Scheduler operation description

Pools and pool trees

The YTsaurus scheduler stores multiple pool trees in memory. Each tree consists of operations and compute pools. Compute pools are tree nodes and operations are leaves. Each operation can belong to one or more trees.

Logically, each tree can be regarded as a separate computing cluster — each tree belongs to a number of computing nodes in the cluster, and a cluster node can only belong to one tree.

Pool trees are stored in Cypress and configured by the YTsaurus administrator. The pool tree is the scheduler_pool node at the first level of the //sys/pool_trees directory in Cypress. The description of the pools for the <tree_id> tree is a set of nested scheduler_pools located in the //sys/pool_trees/<tree_id> node. The pool characteristics are described in the attributes of the appropriate nodes.

The trees to which the operation will get at start-up are defined by the pool_trees parameter in the operation settings. If this parameter is not specified, one default_pool_tree will be used. For each of the listed trees, you can specify the pool from that tree in which the operation is to run (the scheduling_options_per_pool_tree option).

Each pool tree has the default_parent_pool attribute, which specifies the default pool. This pool is used as follows: if the pool was not specified for the tree or for all trees in the operation settings, a temporary ephemeral pool will be created in the tree with the name of the user in YTsaurus who started the operation. The pools form a hierarchy //sys/pool_trees/<tree_id>/<default_parent_pool>/<username> in the end node of which the operation will be run.

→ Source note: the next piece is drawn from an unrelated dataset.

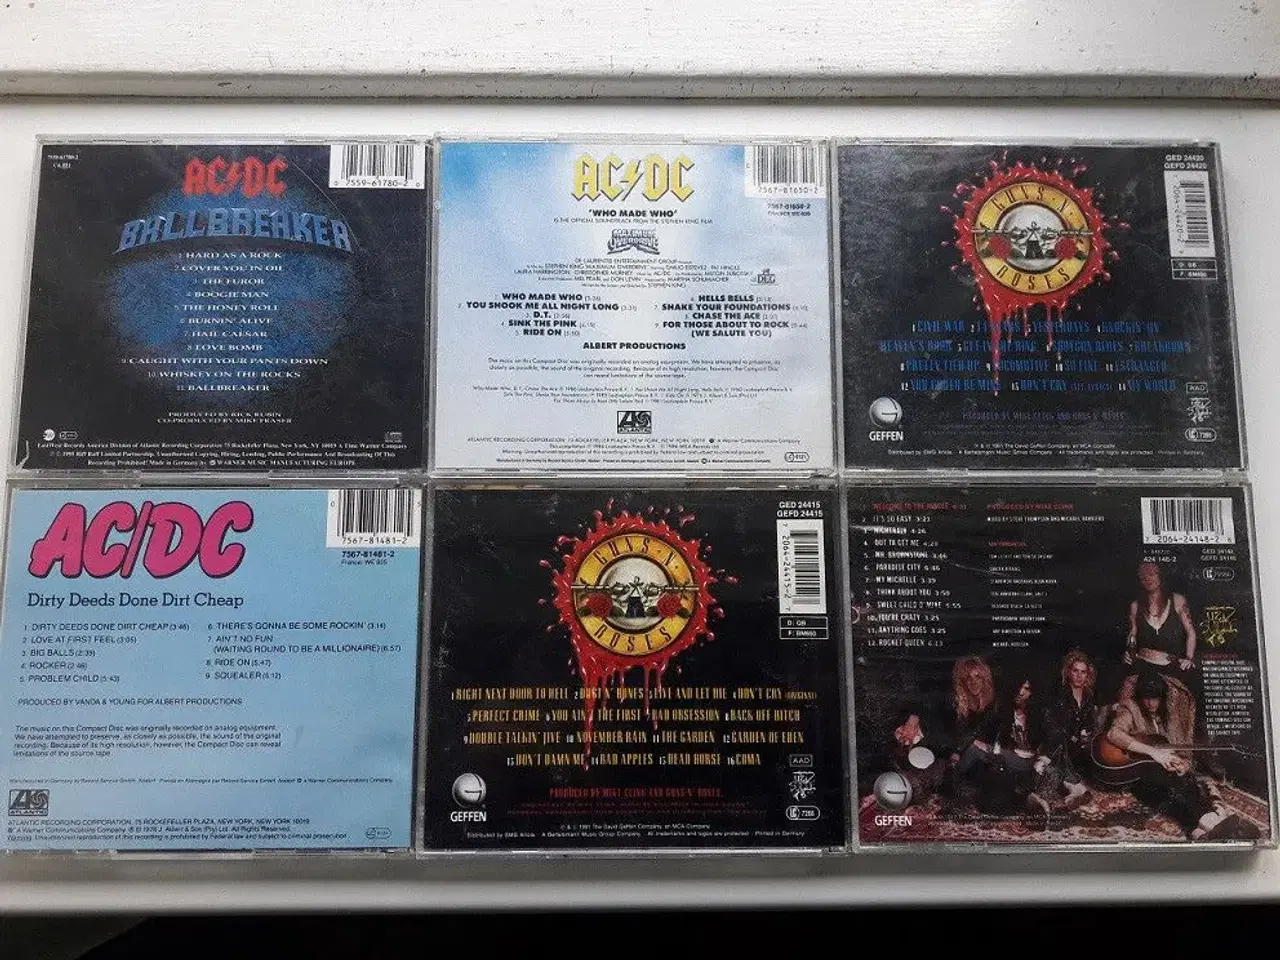 Billede 5 - 21 CD med rock musik fra 70.-80

Example of the setting for running an operation in two trees with indication of the pool in one of them:

pool_trees = [physical; cloud];
scheduling_options_per_pool_tree = {
    physical = {
        pool = cool_pool;
    }
}

Job scheduling process

Each operation consists of a set of jobs. A job is doing some useful work with data on one of the cluster nodes. A job is a scheduling unit.

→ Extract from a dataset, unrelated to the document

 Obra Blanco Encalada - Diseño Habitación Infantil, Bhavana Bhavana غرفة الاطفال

Job scheduling takes place on each cluster node separately:

  1. The cluster node sends a special message (heartbeat) to the scheduler, indicating the type and amount of available resources, information about the completed and currently running jobs.
  2. In response to the message, the scheduler decides whether to start new jobs on the cluster node or abort those in progress. Scheduling takes place in the tree to which the cluster node belongs. Preemption is also possible: aborting already running jobs of any operation if it received an amount of resources that is more than guaranteed.
  3. All aborted jobs will later be restarted.

To understand which jobs should be started and which should be aborted on a particular cluster node, the scheduler analyzes the pool tree. Each pool in the tree has a number of characteristics that enable the scheduler to understand whether a given subtree needs to start new jobs, and, if it does, how much this subpool needs it. According to the pool characteristics, the scheduler goes down the tree from top to bottom until it reaches a leaf. After reaching the leaf, the scheduler suggests that the operation should start the job. The scheduler makes such bypasses as long as there are unscheduled jobs and the cluster node resources are not exhausted.

There may be operations to which the scheduler allocated less resources than it was obliged to guarantee. Such operations are called "starving" in the system. When the scheduler detects a starving operation, it selects the job with the minimum running time of the non-starving operation on the same cluster node and aborts it.

Note

The operation and pool characteristics considered during scheduling are global and do not depend on a particular cluster node. For example, an important characteristic is the share of cluster resources that are already taken up by running operation jobs (usage_ratio). (usage_ratio).